** Opening Data below block **
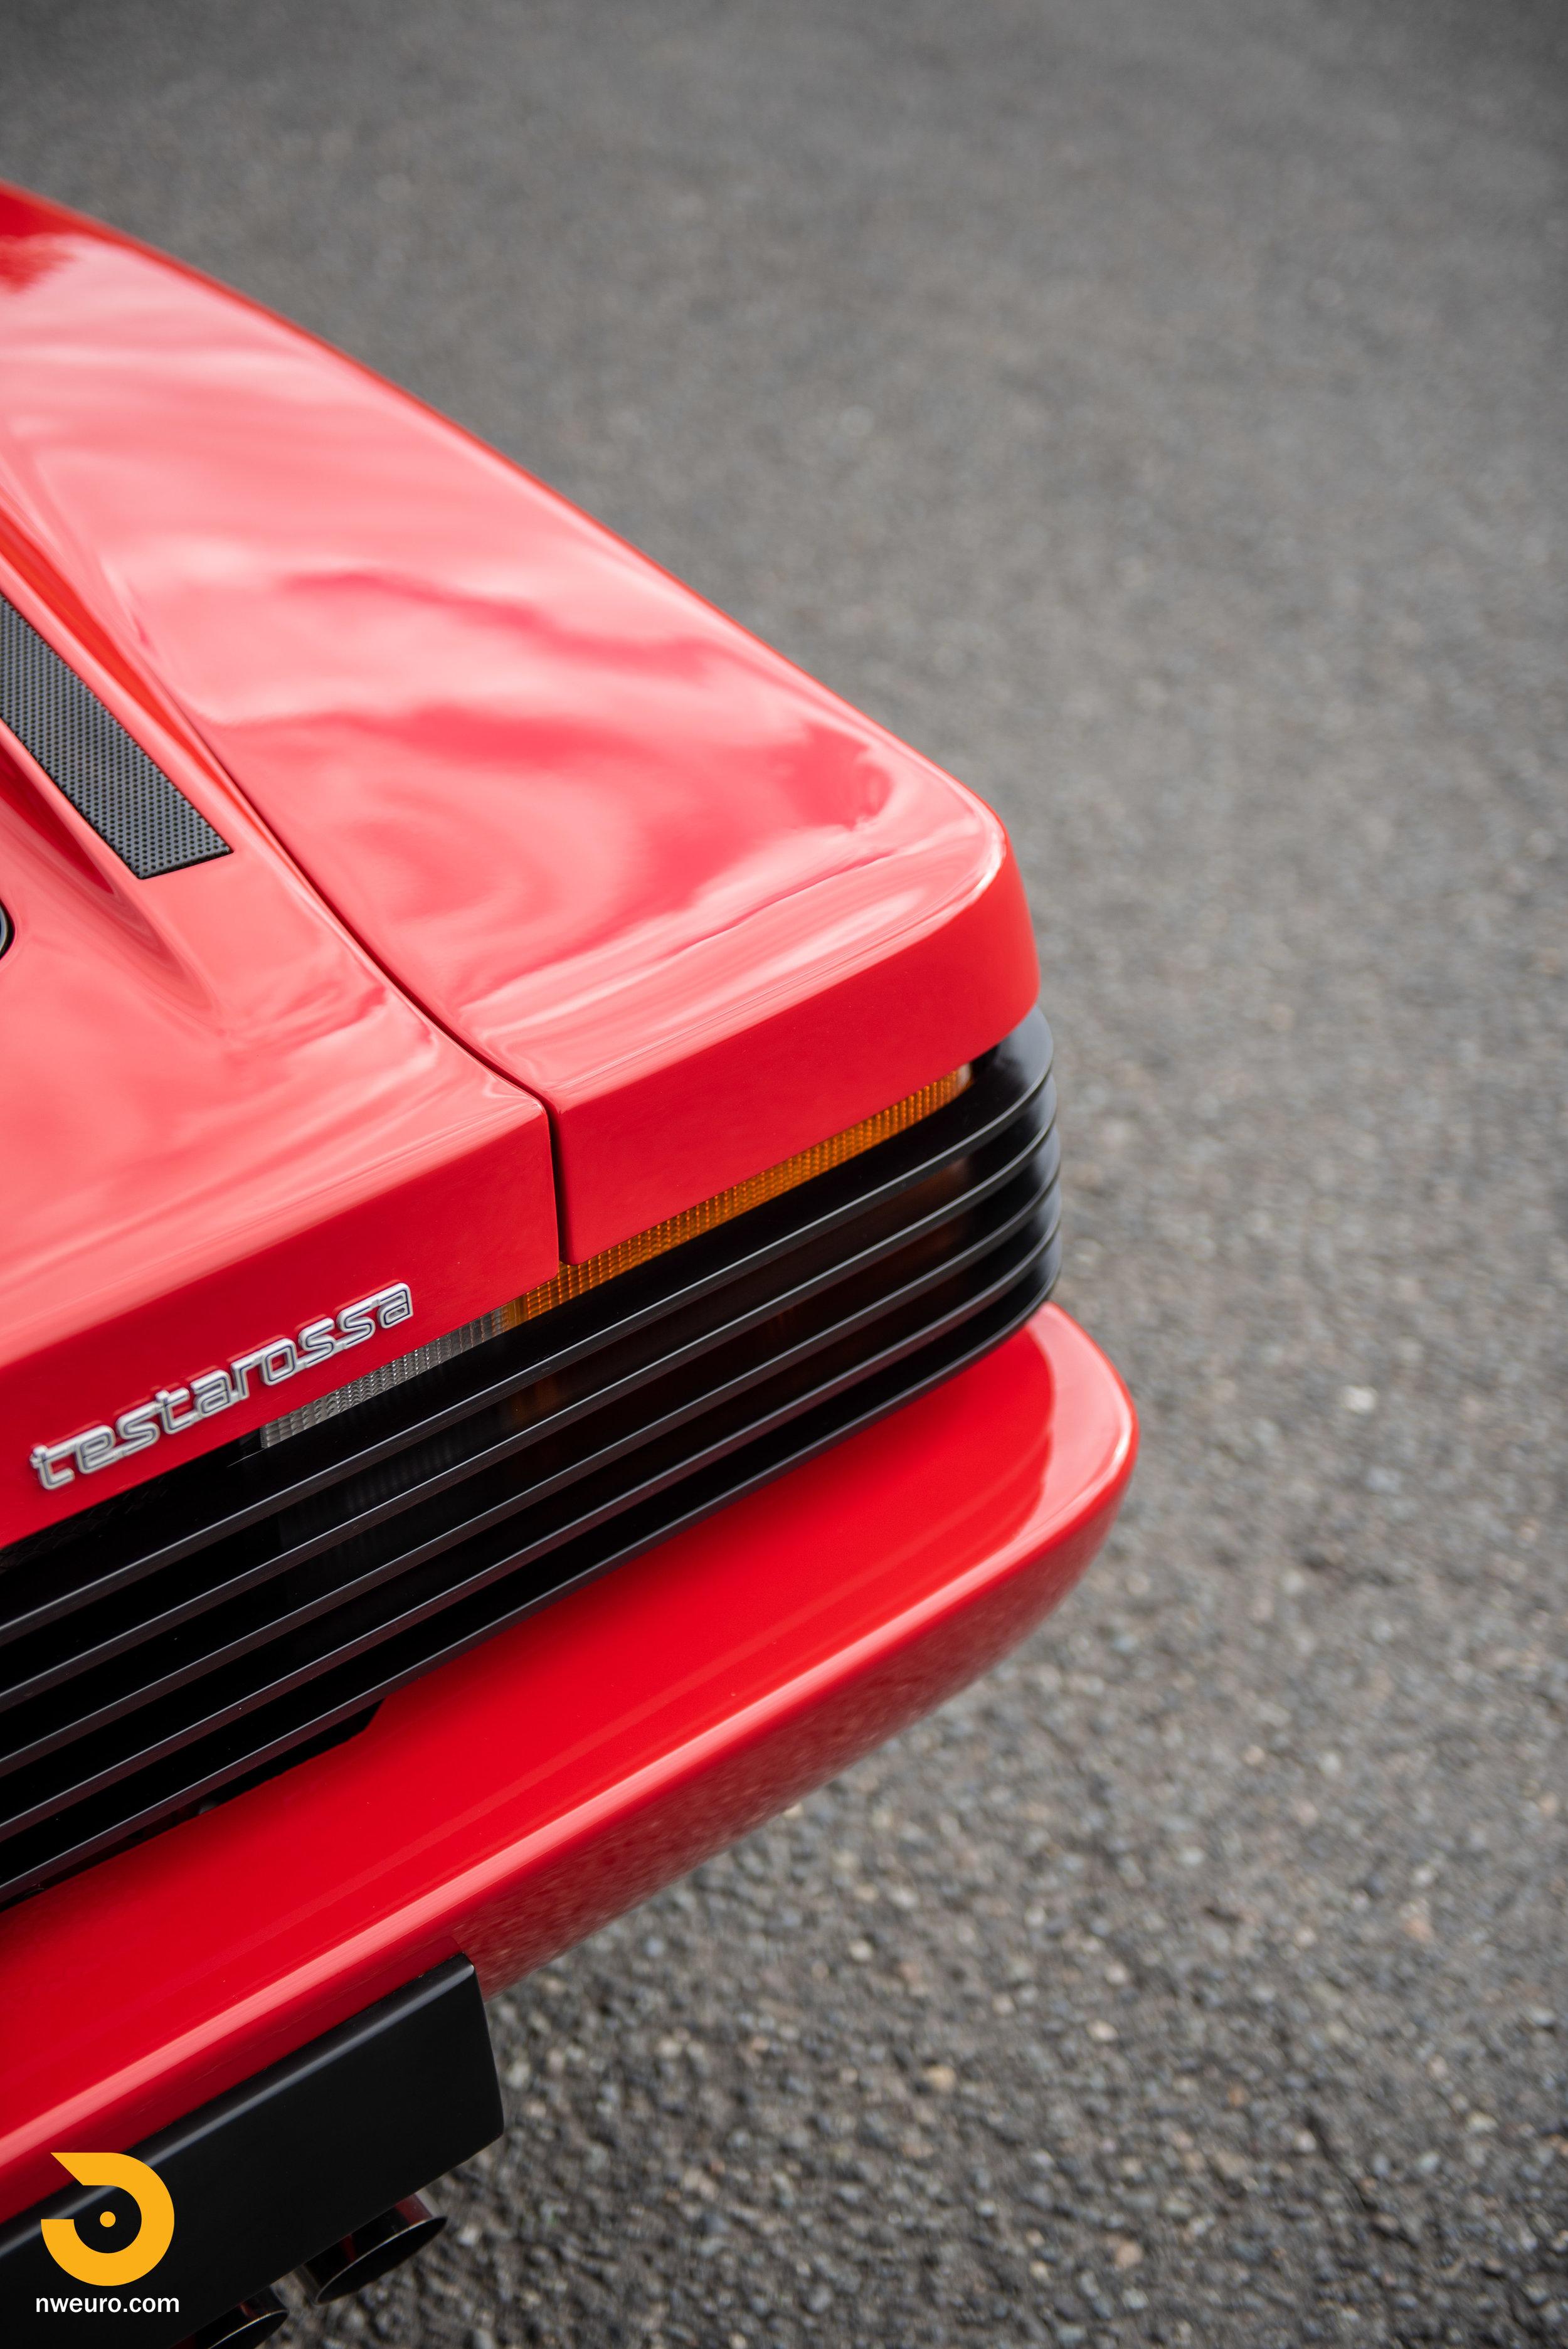 1988 Ferrari Testarossa-13.jpg
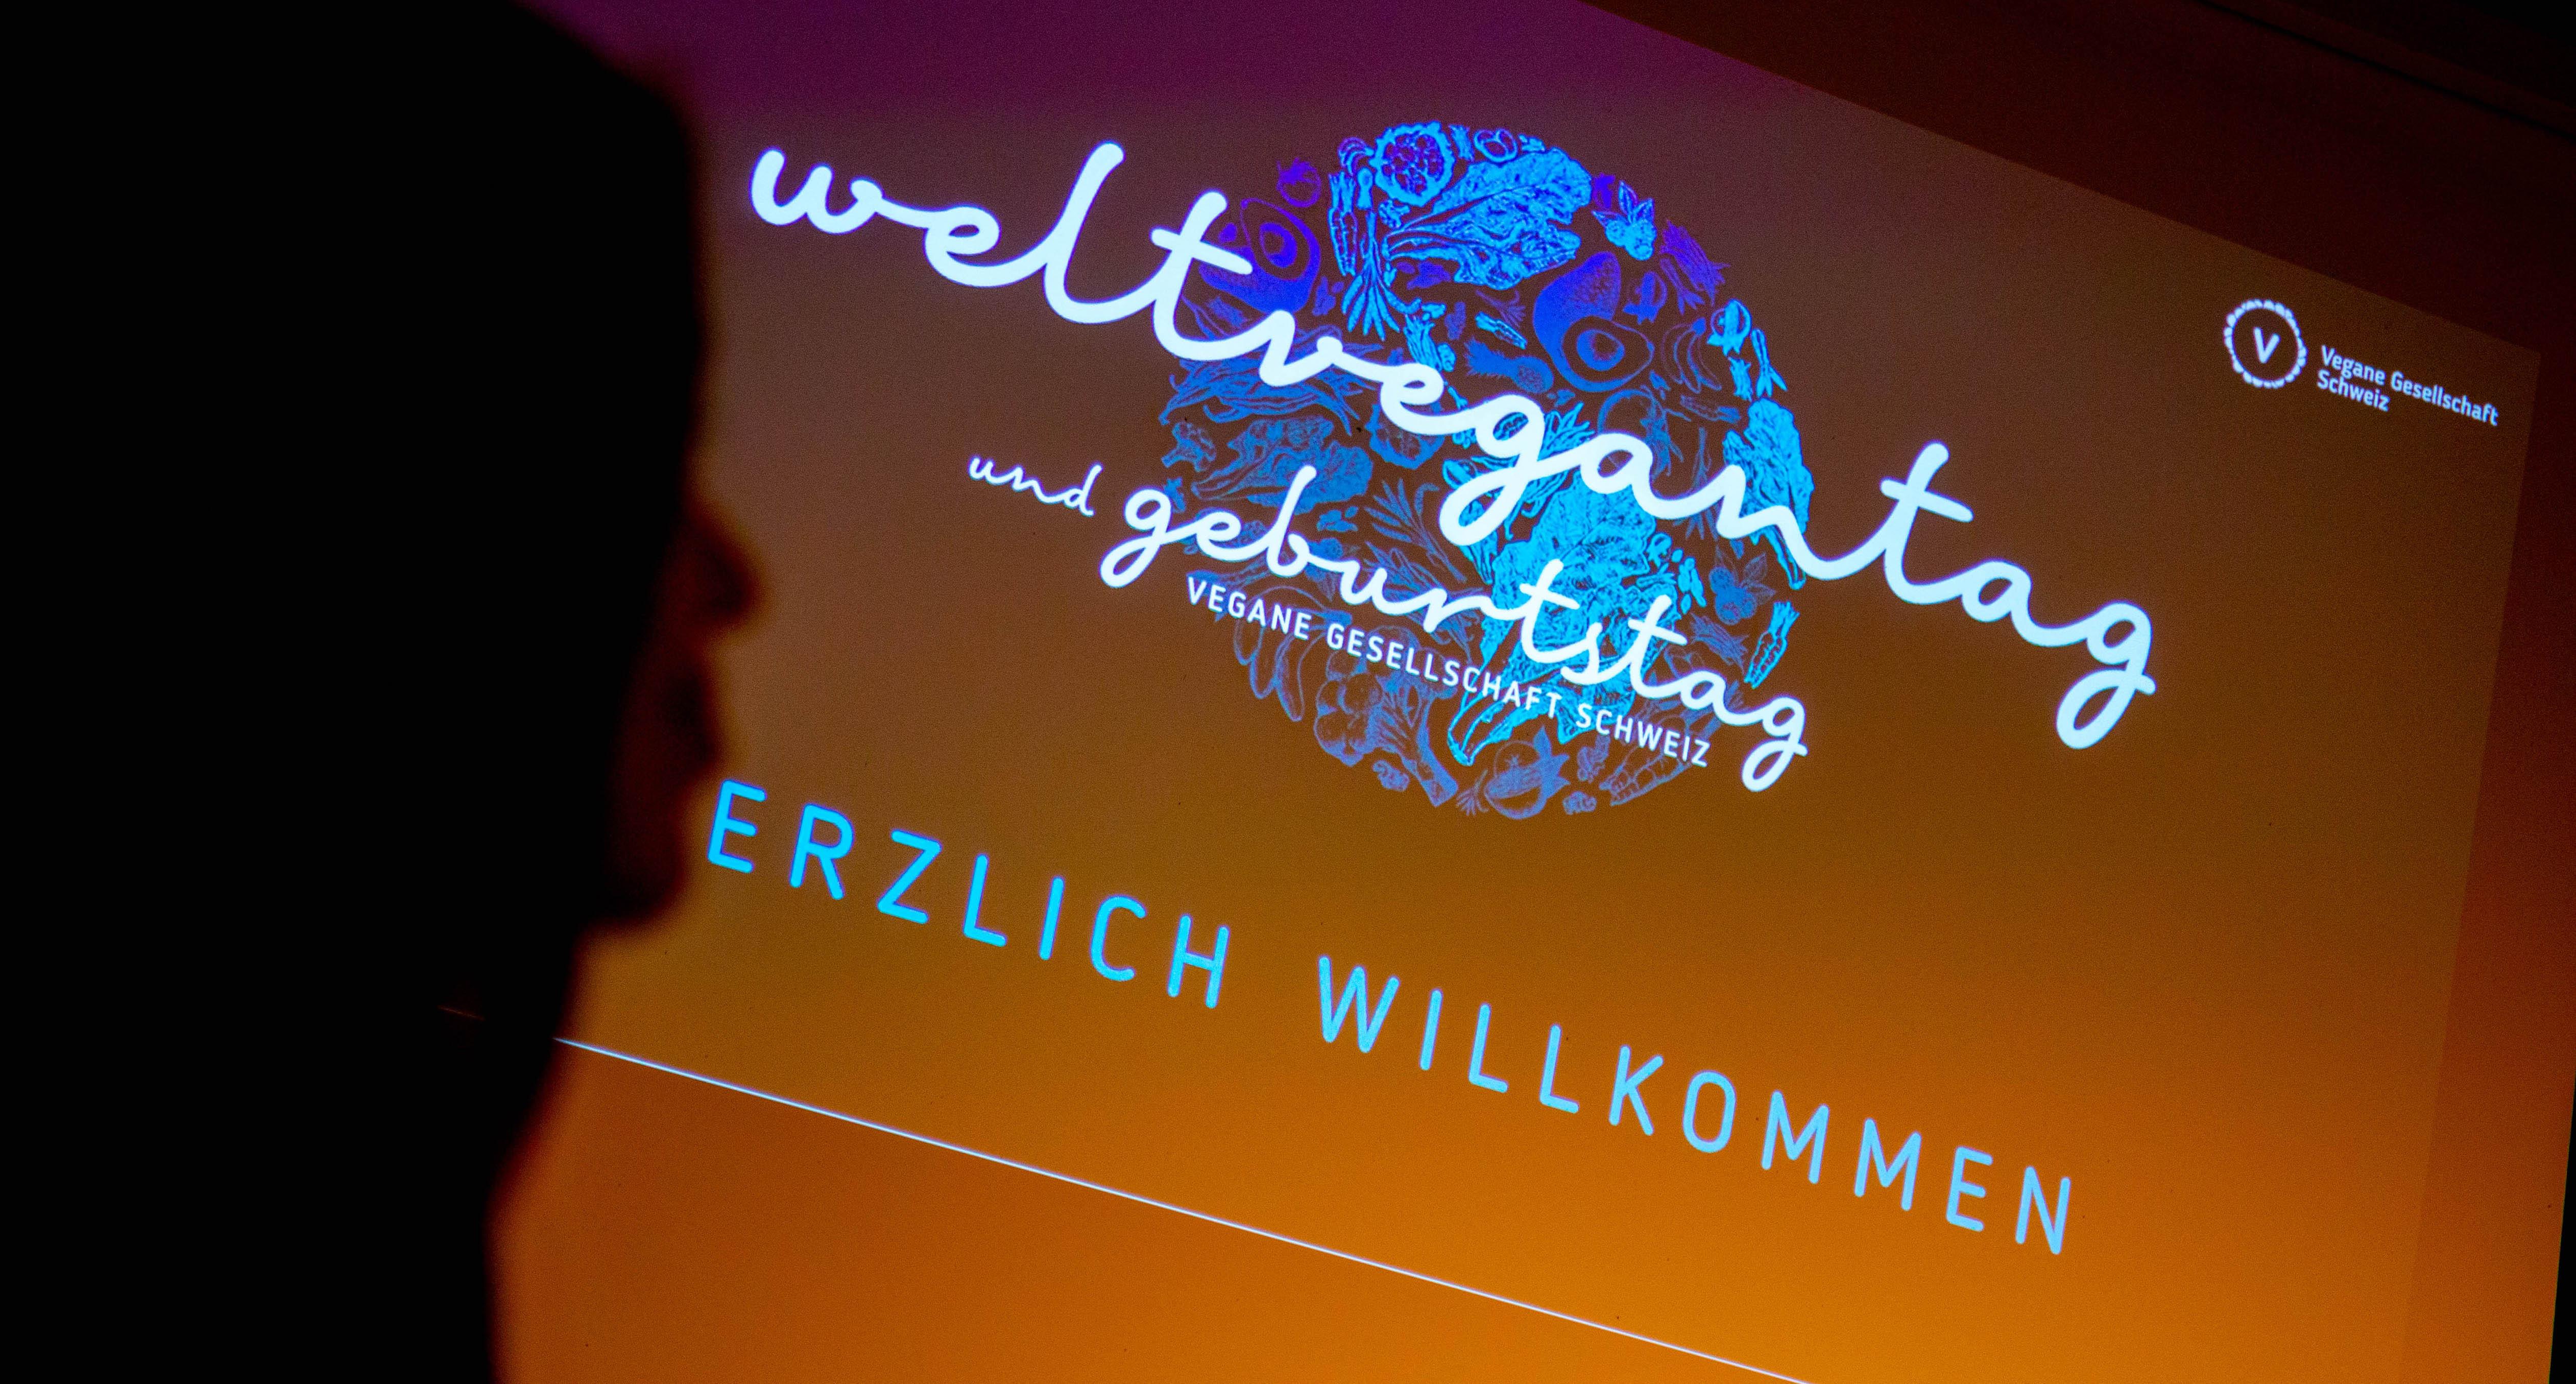 Geburtstag- Weltvgantag Vegane Gesellschaft Schweiz – 1. November Zürich
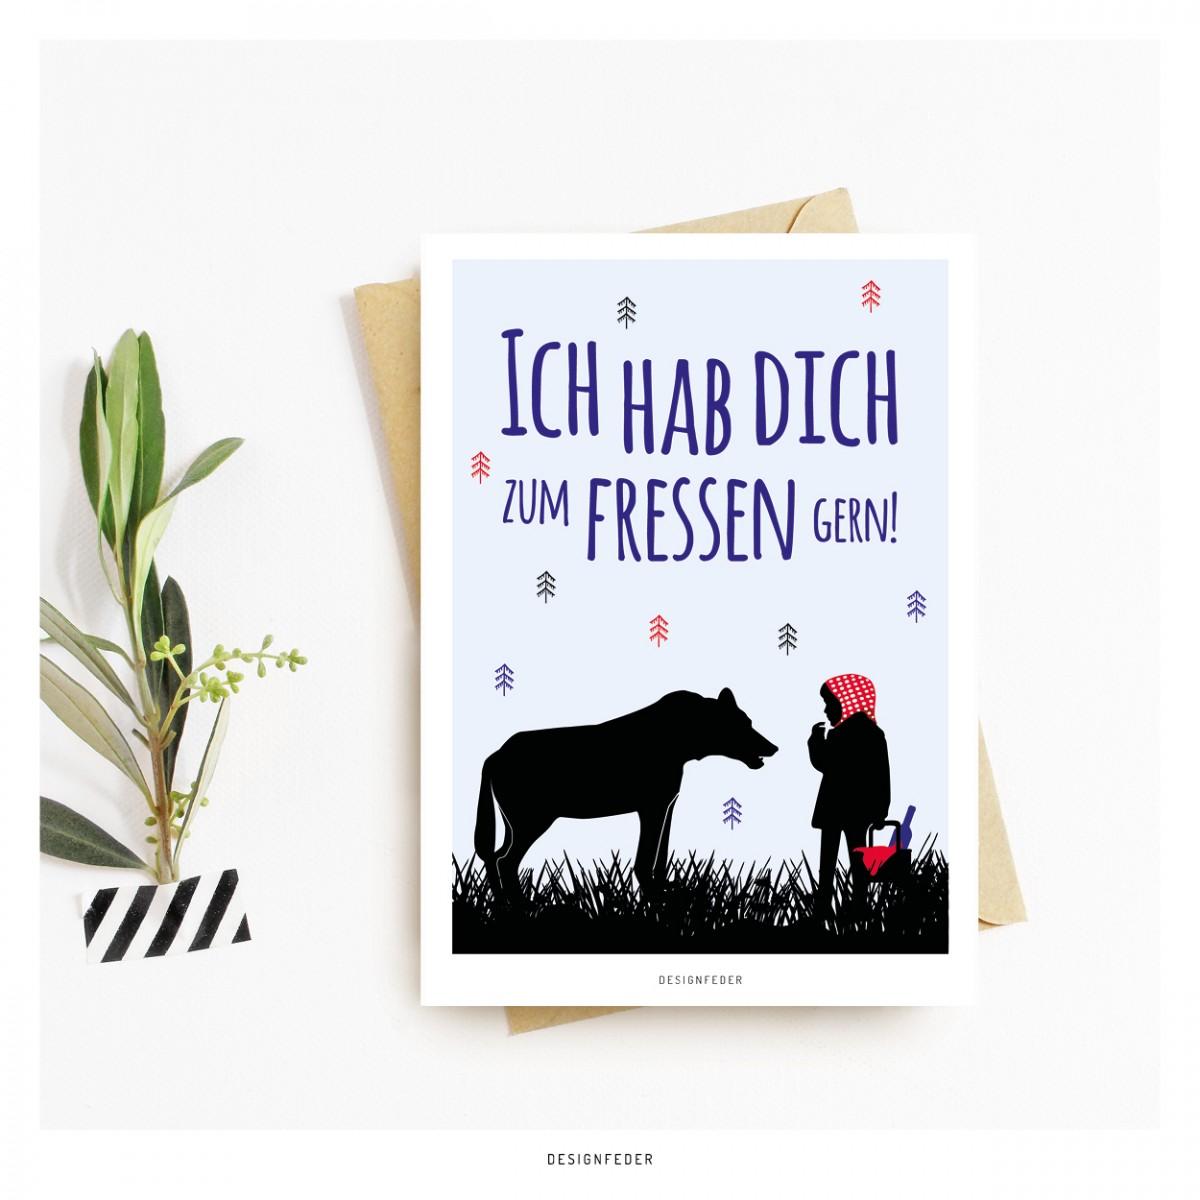 designfeder   Postkarte Ich hab dich zum fressen gern
** Closing Data below block **
→ **Problem to solve**
Retype precisely, and only, the lines from the one holding "Geburtstag- Weltvgantag Vegane" through the final line of the data above, with the pictures omitted.

→ **Result for this task**
 Geburtstag- Weltvgantag Vegane Gesellschaft Schweiz – 1. November Zürich
 designfeder   Postkarte Ich hab dich zum fressen gern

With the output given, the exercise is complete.